Yaşam inişler çıkışlar, hüzünler sevinçlerle doludur. Hayatımız
tüm rutinliği ile akıp giderken sanki her şeye alışıyoruz…
İnsanın yaptığı en iyi şeylerden biridir belki de alışmak. Bunun
için biraz zaman biraz sabır yeterli galiba. Aslında alışmak mı unutmak mı
yoksa sıradanlaşıyor mu her şey bilinmez. Ama yaşadığımız hiçbir şeyi
unutmuyoruz galiba, kabullenip alışıyoruz zamanla.
Zaten alışmak sözlüklerde
kanıksama tepkisiz hale gelme sürecidir ve bir şeyi tekrarlaya tekrarlaya artık
yadırgamamak olarak geçer . Alışmak bazen zor ve acı vericidir. Bazen de kolay
ve gayet normal bir olaymış gibi hiç kendini hissettirmeyen duygudur. Özellikle
bize acı veren, üzen olaylarda daha çok hissederiz alışmanın zorluğunu ama
güzel şeylere ve mutluluklara alışmak daha kolaydır işte o zaman bu duyguyu pek
hissetmeyiz.
Hayata dair öyle şeylere alışıyoruz ki; iyiye güzele, acıya
tatlıya, derde kedere, zenginliğe fakirliğe, hastalığa sağlığa, yaşadığımız
çevreye, baskıya zorbalığa kaybetmeye kazanmaya, kötülüğe savaşa,
sevdiklerimizin yokluğuna, çocukların ağlamasına, belki de kendimizi avutmaya
ve en kötüsü de ölüme alışıyoruz…
Öyle ki kötülüğün ve
ölümlerin sıradanlaştığı bir zamanda yaşıyoruz maalesef. Günlerdir bir çok
şehit haberleri çıkıyor karşımıza. Ağlayan, içi yanan analar, babalar,
evlatlar, eşler… Sönen ocaklar, devrilen gencecik fidanlar…Acıların en büyüğü
ölüm acısı. Üzülüp ağlasalar da gidenin geri gelmeyeceğini anlayıp bir müddet
sonra ümitler kesiliyor.
Allah acıyı verdiği gibi ona dayanma gücünü ve sabrını da veriyor.

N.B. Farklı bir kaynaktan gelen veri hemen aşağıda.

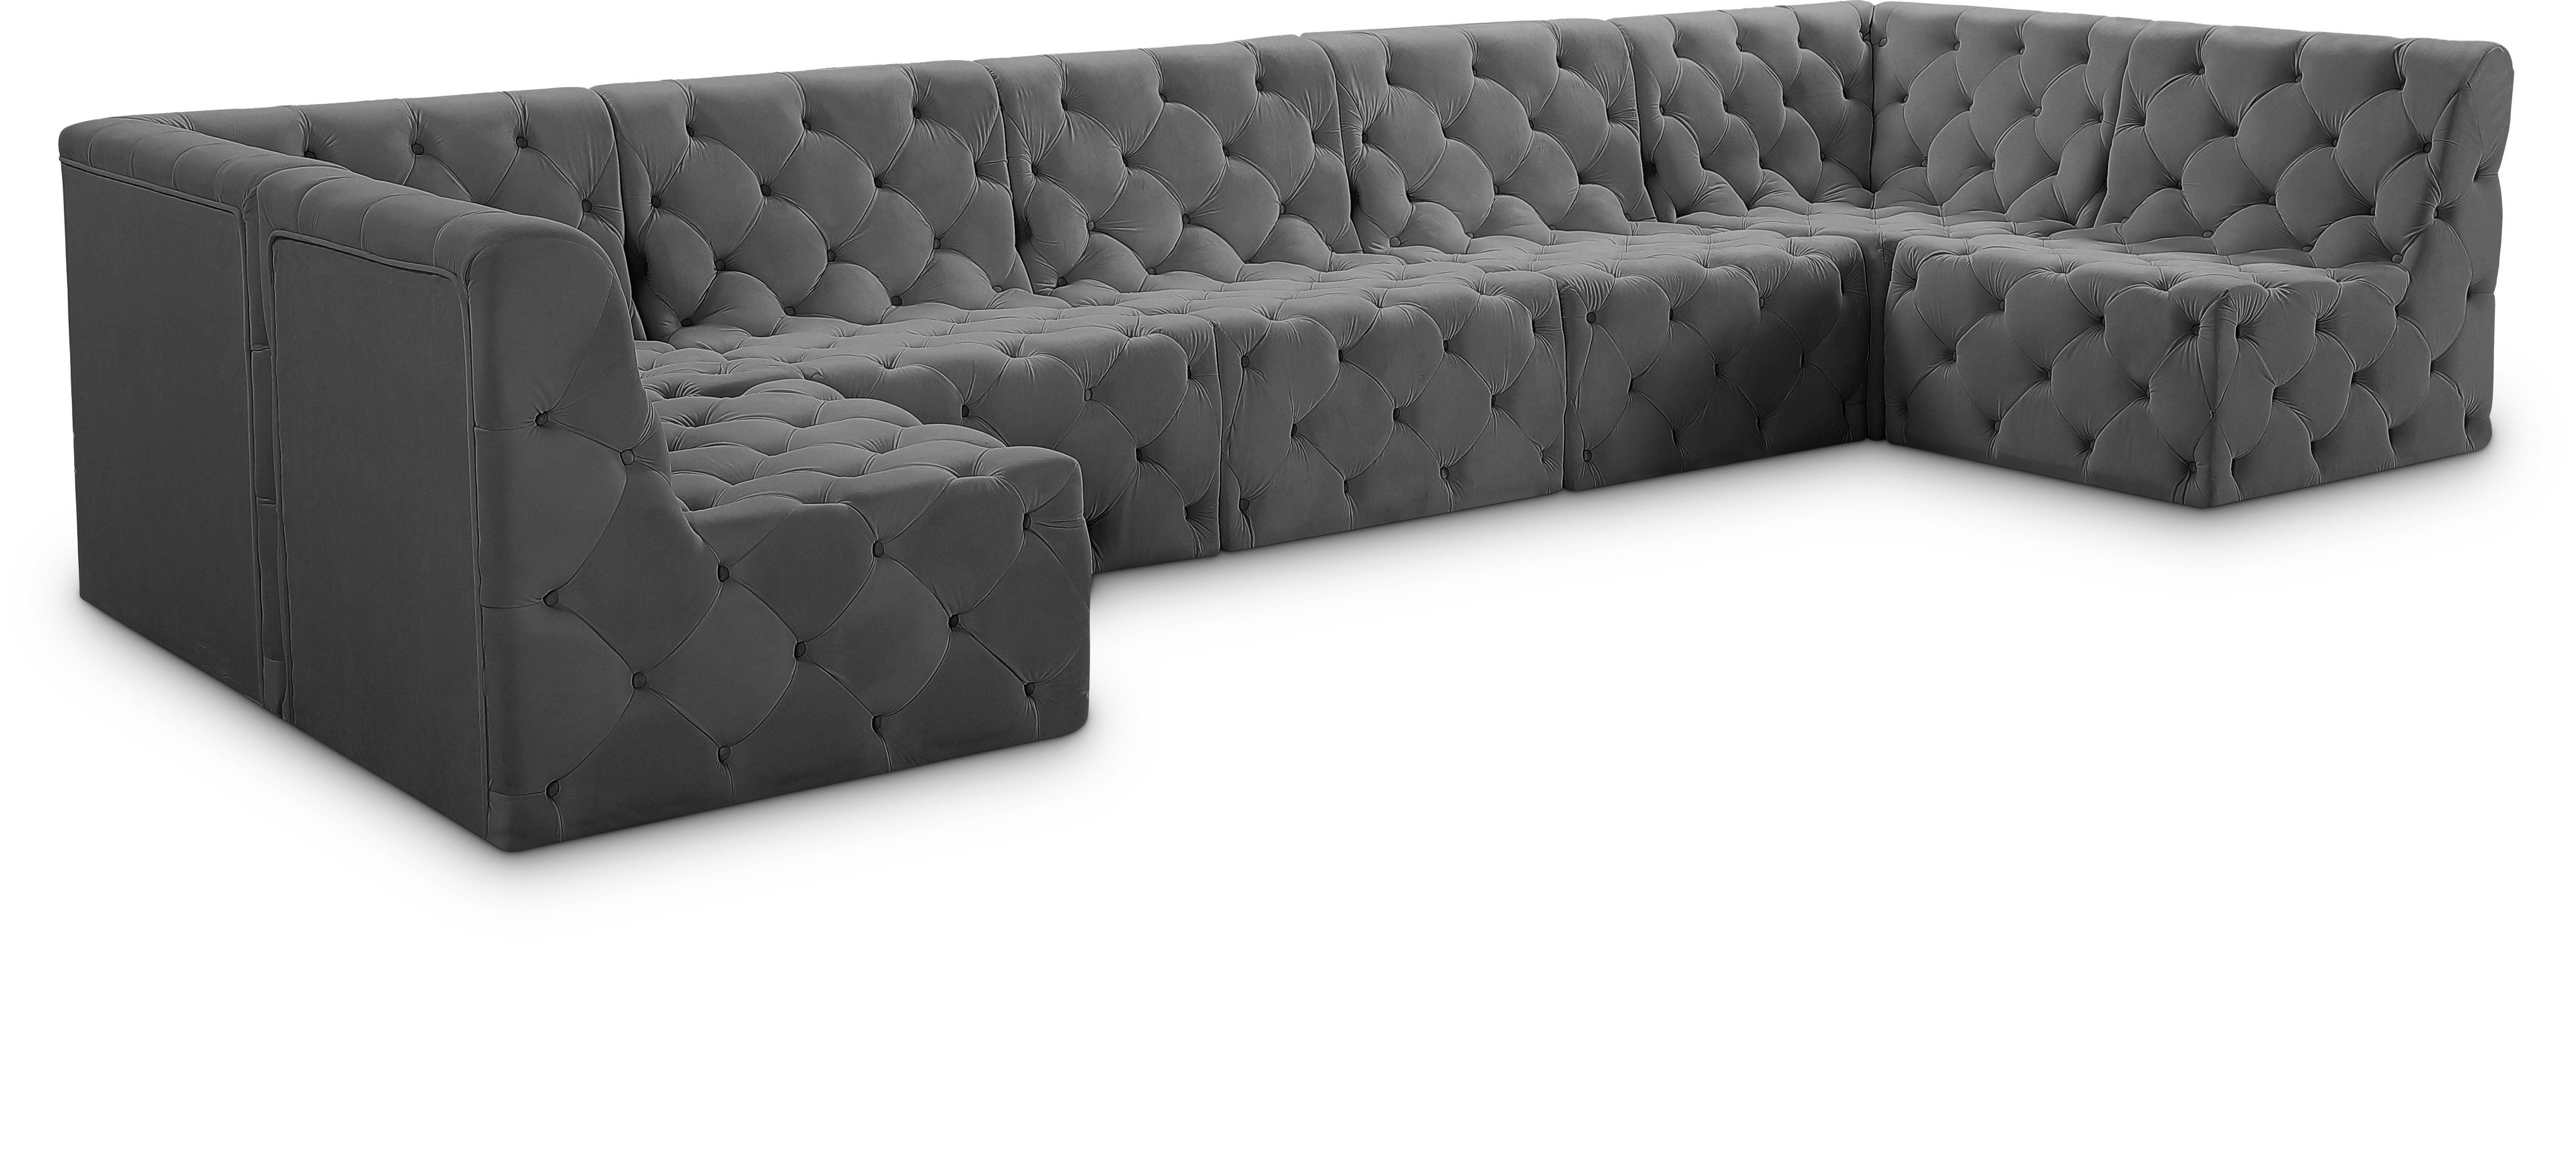 Meridian Furniture - Tuft - Modular Sectional 7 Piece - Gray - Fabric - 5th Avenue Furniture

Büyüklerimiz “Allah dağa taşa ölümü vermiş dayanamamış ama insana vermiş o
dayanmış” derler ya hani işte bu söz insanın alışma potansiyelinin ne kadar
fazla olduğunu gösteriyor galiba. Ateş düştüğü yeri yaksa da hepimiz bütün bu
haberlere ve şehitlerimize çok üzülüyor ve kızıyoruz ama alışmaktan başka
çaremiz yok ki, alışmışız “buda geçer” demeye, “hayat devam ediyor” demeye ve
hiç bir acının ilk zamanki gibi taze kalmadığını, hiç bir üzüntünün baki
olmadığını anlıyoruz zamanla. Bunu anladığımızda da teslimiyetin verdiği
rahatlıkla hayata kaldığı yerden devam ediyoruz, etmek zorundayız…
Bunun adı unutmak değil, umursamazlık değil sadece zamanla acıya
alışıp acıyı artık hissetmemek galiba. Önceden biri öldüğü zaman kırk gün yas
tutulur, televizyon radyo açılmazdı. Hatırlıyorum da ben küçükken abim vefat
ettiğinde annem babam televizyonu açmadığı için çizgi film izlemeye komşumuza
giderdim. Çocuk aklı işte anlamazdım ki yas falan...
Ölene saygıdan yapılırdı belki bu ama ölenle ölünmemesi
gerektiğini, geride kalanlar için ve kendimiz için ayakta kalıp hayat
mücadelesine devam etmemiz gerekiyor.
Alışmak
böyle bir şey olsa gerek…
Yaşamın
bir parçası, olmazsa olmazımız, hayatımızın vazgeçilmez duygusu. Rabbim
hepimize acılara değil de mutluluklara alışacak yaşam nasip etsin inşallah.